Psychologist Ruth Coppard of the Barnsley Community and Priority Services NHS Trust says that what it boils down to is personal resilience to outside stresses and strains: "My daughter has just taken her finals and one of the girls in her house absolutely freaked out – which must have affected everyone else, too. If you're just about coping with the stress of the exams and then something big happens in your life, it could be enough to tip you over.

"Of course, a lot of people find pressure exhilarating and do well on it, but, in general, exam fears seem greater than ever. Over the last few weeks I've seen children who are threatening to kill themselves over their SATs [Scholastic Assessment Test]. I've even had a seven-year-old who says he's not going to be a success in life and get a good job if he doesn't do well in his tests.

"For children who are feeling the pressure that keenly, it won't take a lot of extra pressure to make a big difference. And, of course, if something happens to someone in your family everyone else in the family will be affected by it too – so the whole environment is less conducive to calm and studying.

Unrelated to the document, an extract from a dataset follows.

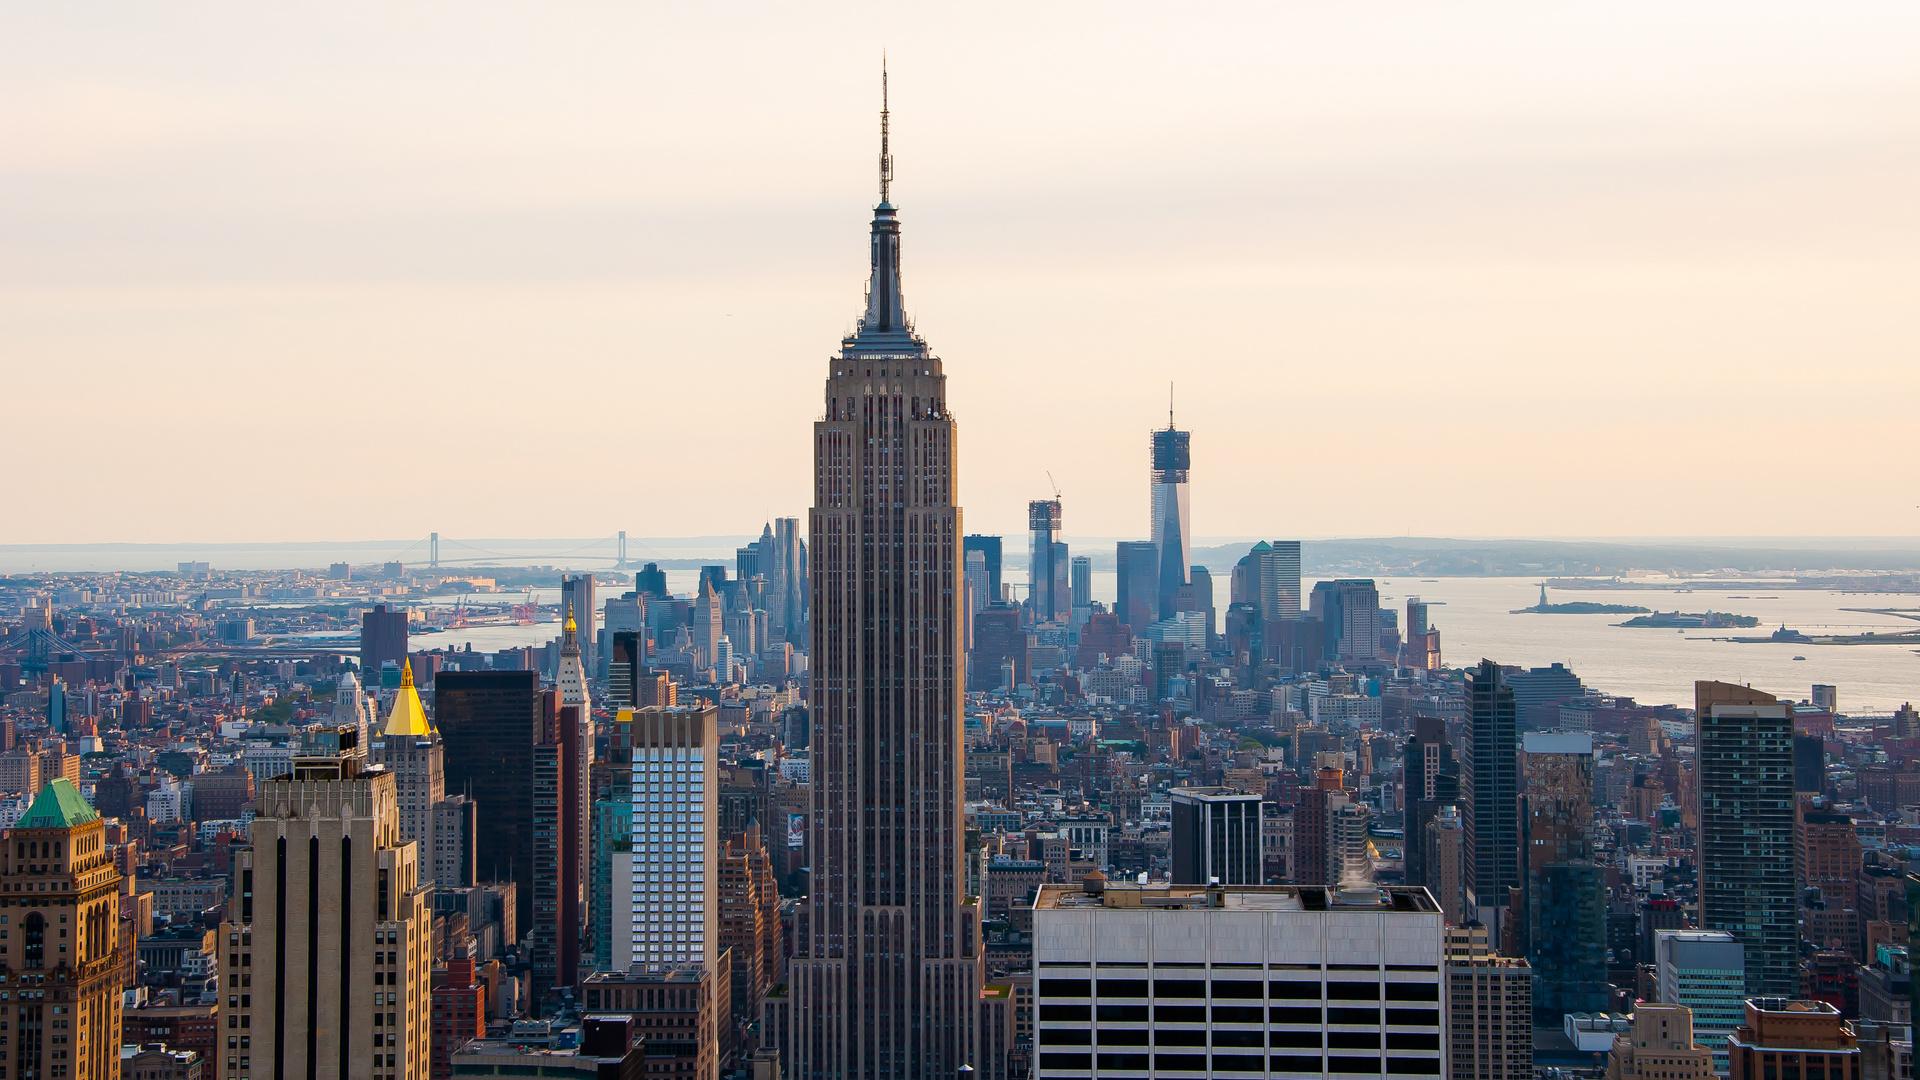 Skyline NYC - Rockefeller Center view

On the positive side, I'd say that if something unexpected does happen, though, you should talk about it – but hold off working through the whole impact until the exams are over."

According to Stevie Pattison-Dick of the examination board Edexcel, schools are able to let exam boards know if a pupil has suffered a major trauma during the crucial period. "If there's a bereavement, say, or any other traumatic life event, what the school should do is let the exam board know. We'd then look at the predicted grades the school gave us, and if the student seems to have performed badly the case could go before a panel and the grades may be upped. The student would receive his or her results at the same time as other classmates, and would know their case had been given special consideration."

Michael Duke, principal educational psychologist in Denbighshire, says that part of the problem is that our society is increasingly loading the pressure on to a "window of opportunity" where exams are concerned. "There's a mixed message here, because in other ways there are more chances than ever before for young people to go on studying, to take degrees later in life and so on, so the examination period should in a way matter less. You can always retake. Part of why students feel under so much pressure is that they're surrounded by this high-level anxiety and really do feel that if they slip up now, there's no way of putting things back on track. It's worth remembering that not every pupil who sits an exam this week or next will have come from a family where everyone got up in a calm and collected way and sat neatly chatting around a breakfast table. For a lot of young people, traumatic and difficult events are part of everyday life – and they're having to cope with GCSEs and A-levels, too."